Repeat the listing below word for word, minus the pictures.

Collected material section start

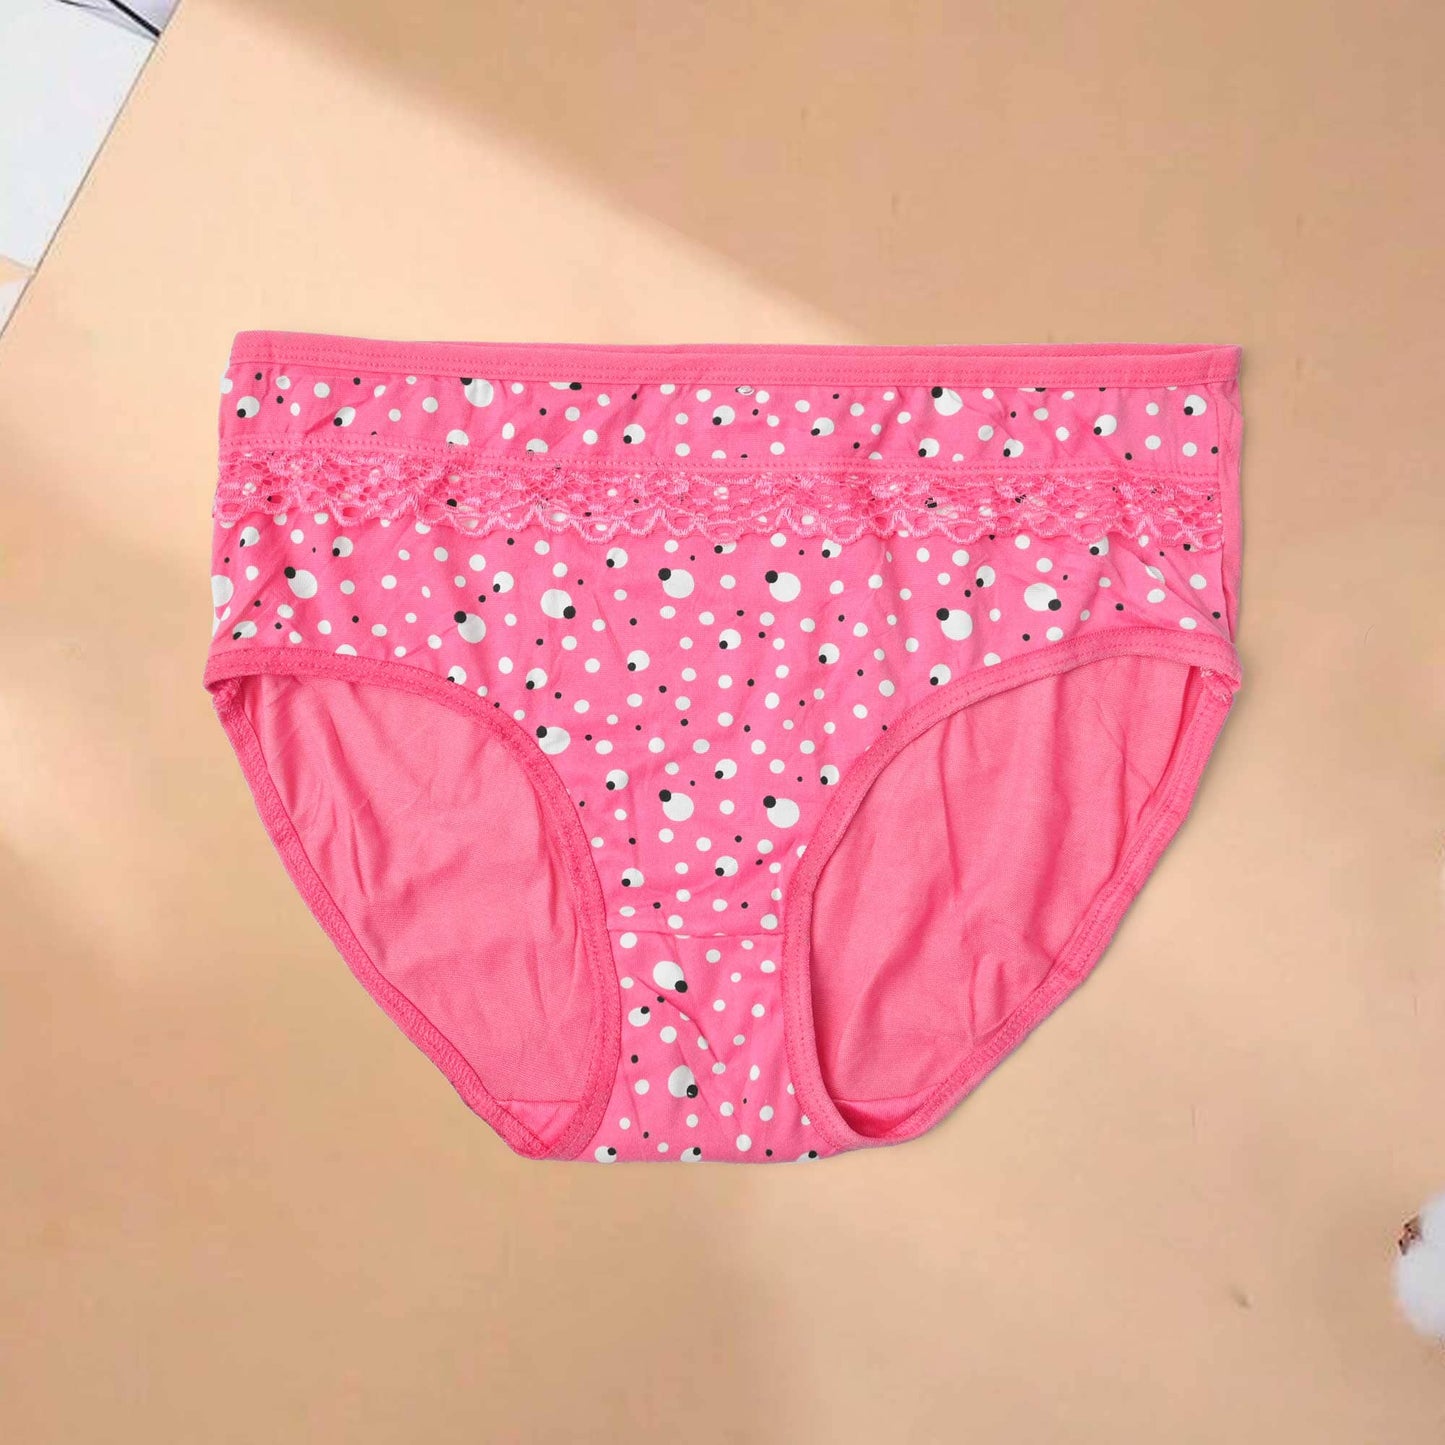 Yinidanya Women's Lace Design Polka Dots Printed Underwear Women's Lingerie RAM Magenta 28-34 
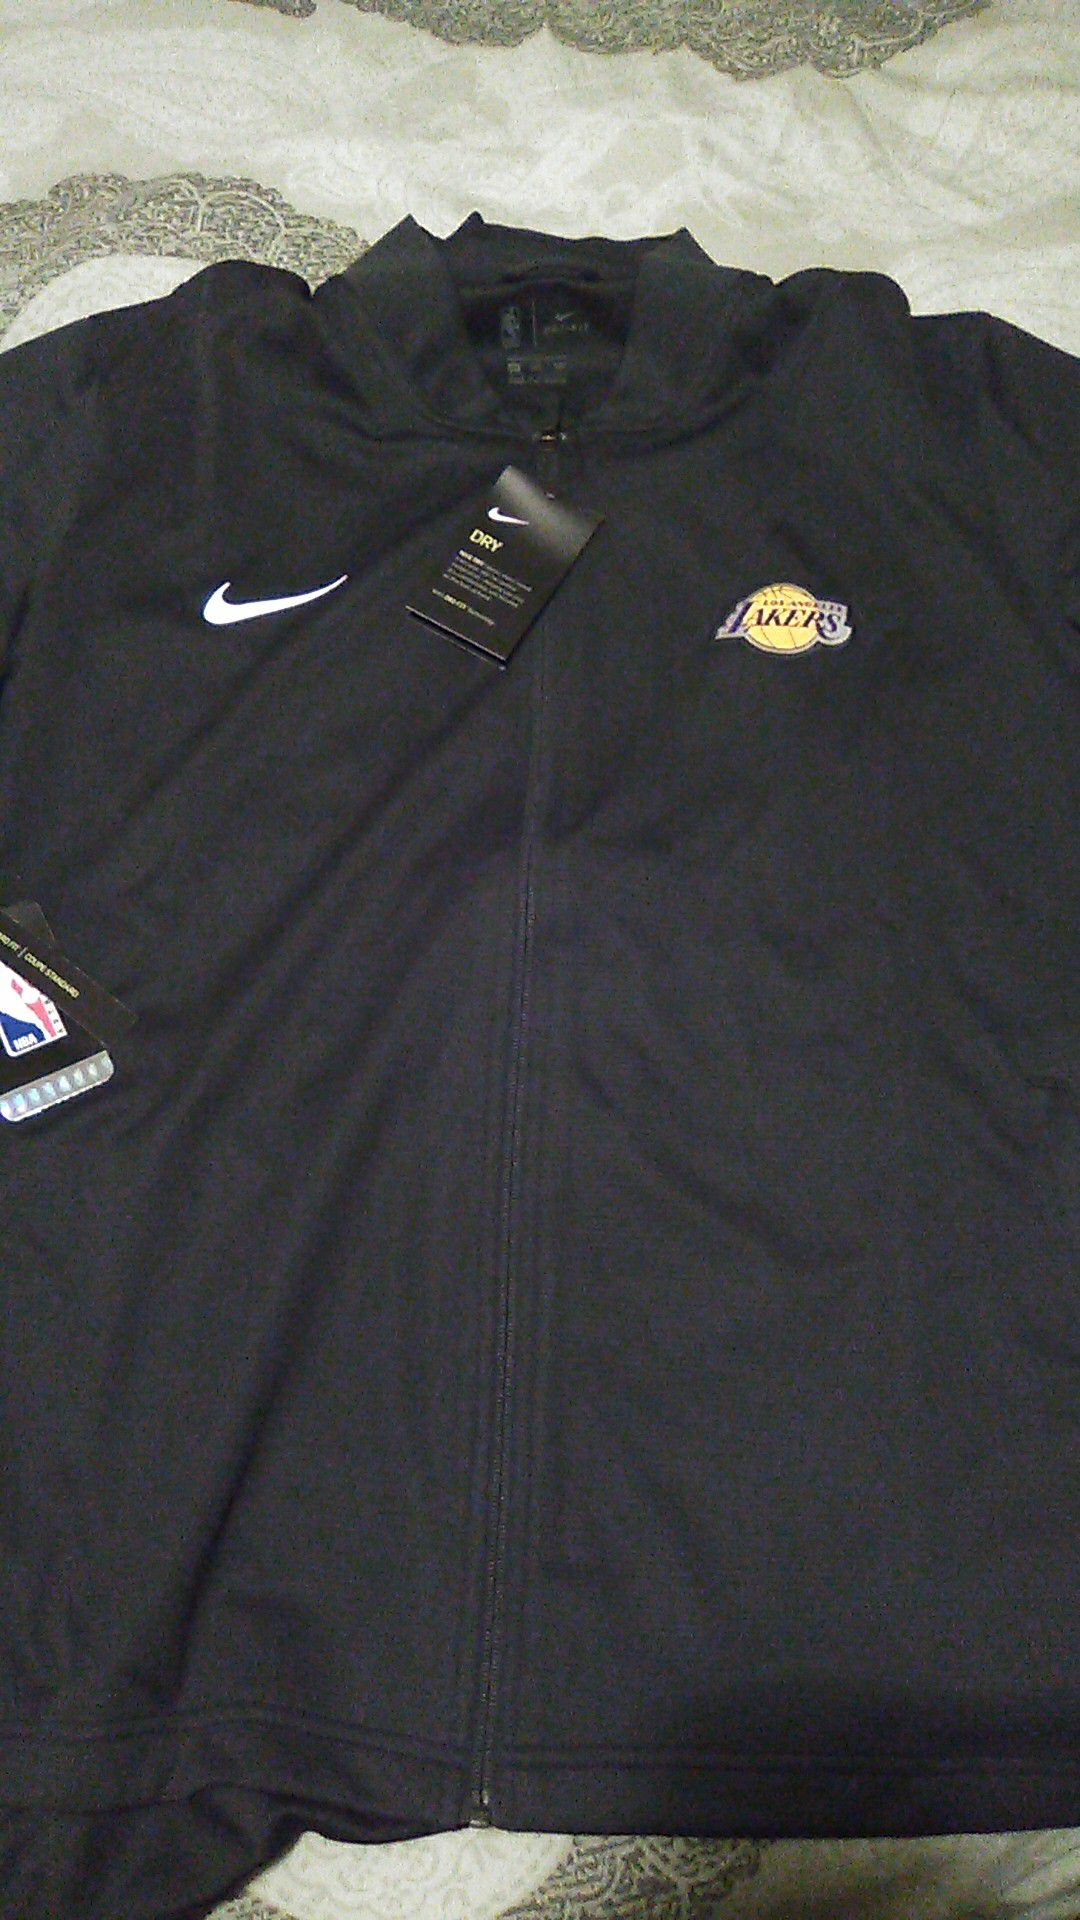 Nike NBA Lakers jacket color gray and all black
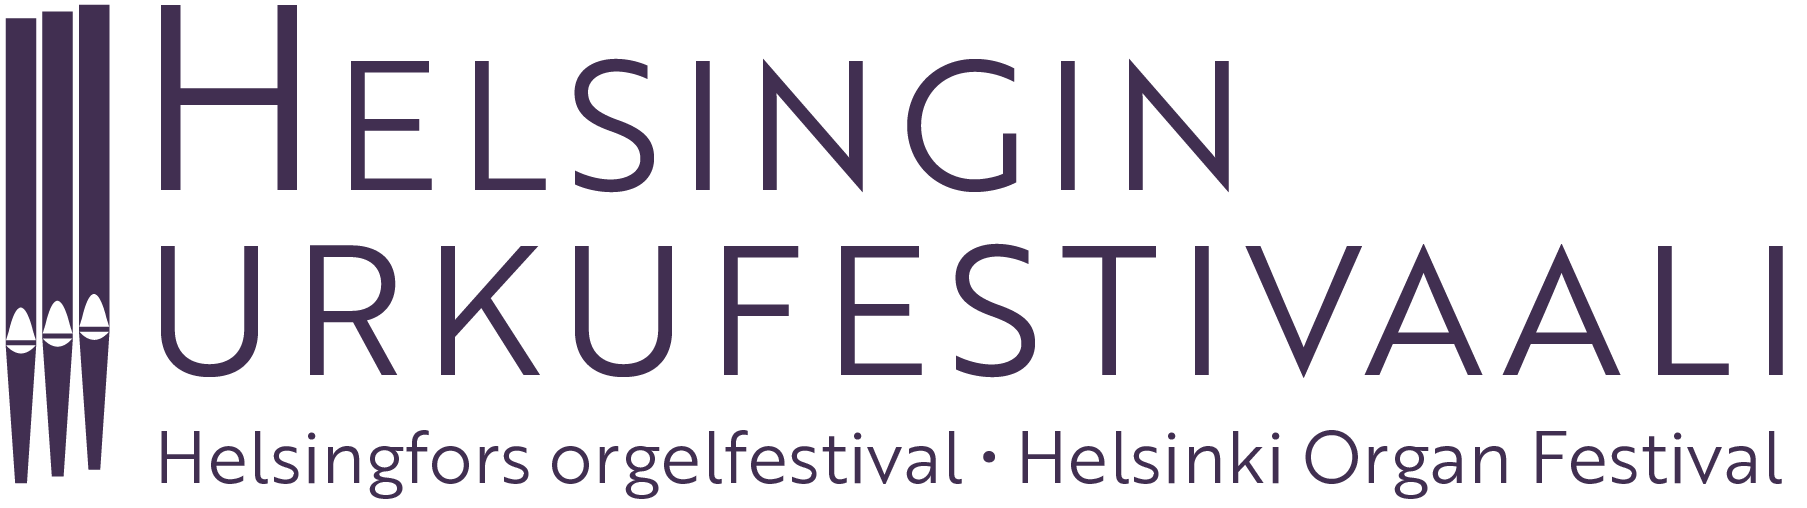 Helsingin urkufestivaalin logo

Collected material section end

• Solution for this task:
 Yinidanya Women's Lace Design Polka Dots Printed Underwear Women's Lingerie RAM Magenta 28-34 
 Nike NBA Lakers jacket color gray and all black
 Helsingin urkufestivaalin logo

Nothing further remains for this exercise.